## Voronoi progress

Wednesday, October 7th, 2015 at 7:52 pm

A speculative challenge of machining some leather stamping tools out of brass has led me to do more work on my voronoi experiment hacked as part of my barmesh model.

To make a brass tool requires some area clearing, chamfering and then v-grooving the details.

Like most coders, I do suffer from Not-Invented-Here Syndrome, but at least I did look at OpenVoronoi last year.

I’ve also had a try out of jscut (an in-browser CAM system) which has a V-engrave feature that is not quite right for this application. Nevertheless, the C++ voronoi code underlying this (which I should study at some point) is here and it’s then compiled into Javascript that runs in the browser using Emscripten. Emscripten is a technology that changes everything about where you expect code to be applied.

The stuff I’m doing is quite buggy, but I can at least see a way for it to handle pure arcs in the contours coming in. Most 2D contour voronoi implementations give up once they can do polygons, because it just gets too complicated to be worth it. But this algorithm works by sampling on a regular grid and shouldn’t suffer from complexity that comes in.

The thin cyan lines is the 5-sided polygon with one concave vertex. The yellow lines is the voronoi diagram, and I’ve plotted the nodes of the mesh in different colours depending on its voronoi polygon.

Here is a sparser mesh to show that I am able to subdivide the cells (white line segments) to get to the details. (Something looks wrong at node (2,3).)

Let’s try a more interesting polygon.

One of the fundamental algorithms is the ability to find all the crossing points of the voronoi polygons along a straight line by subdividing. This is easy. Work out the voronoi polygons that the endpoints belong to (ie which edges or vertices are the closest in distance compared to all all the others), find where the line segment cuts the bisector between these two voronoi polygons (if it exists), and this point — when tested — is either in one or other of the polygons (because it’s on the edge) or it shows up in a new third polygon. Repeat for the two halves of the line until no more new polygons show up. This is as good as a mathematical proof.

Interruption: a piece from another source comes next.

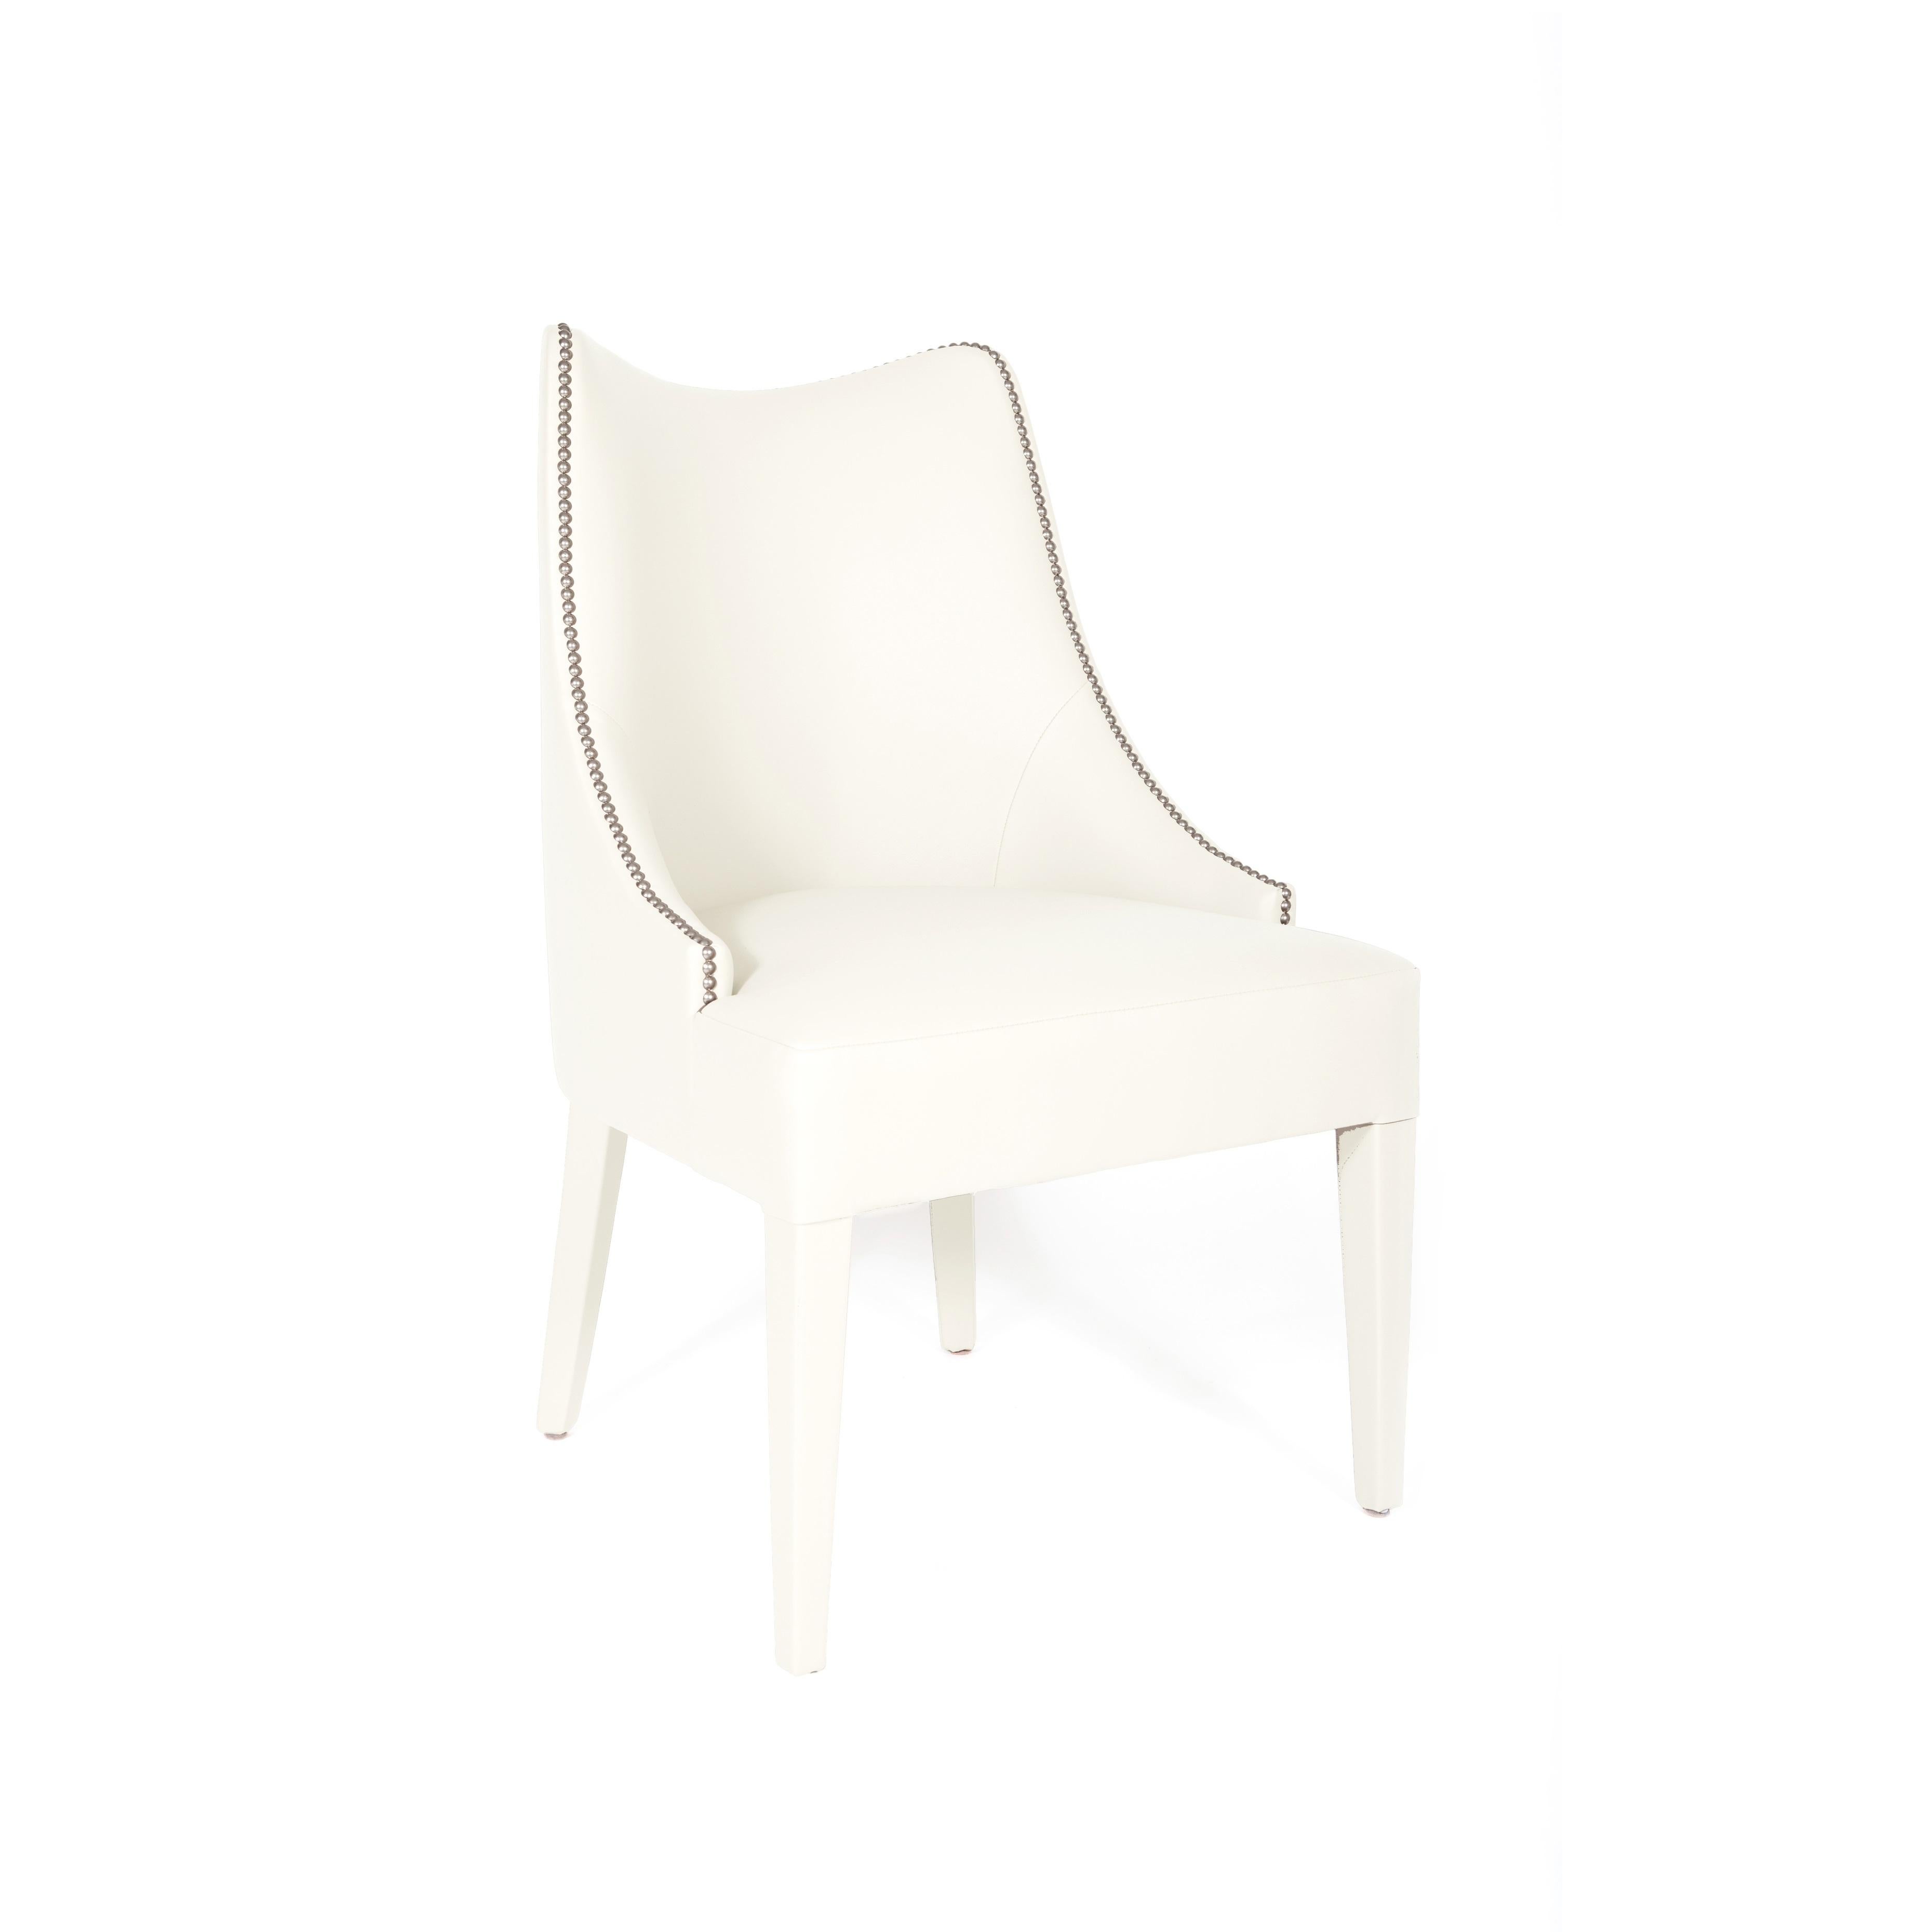 Portuguese Modern Classic Dining Chairs with Nail Trim Detailing By Munna Design For Sale

Here’s what it looks without all the mesh cell lines getting in the way.

Zoomed in to one of the cells to show how I’ve managed to subdivide things up. It’s important to note that I’m not limited to horizontal and vertical subdivisions, as I had in the HSMWorks code (and all previous code I’ve done). I hope this innovation doesn’t catch me out.

Now for some real data of a polygon lifted from the target SVG file. What a mess, because the cells have too many voronoi polygon sides passing through them, so I’m plotting the ambiguous multi connections in cyan.

After 30 iterations it’s beginning to look promising.

More debugging is required, and I only want this to work for one particular example. Then I’ll write my chamfering and v-grooving toolpaths based on that and hopefully make some brass stamps. I’m just so keen to see this as a direct application, rather than get bogged down in the issue of making the most perfect voronoi code that doesn’t have any use to it.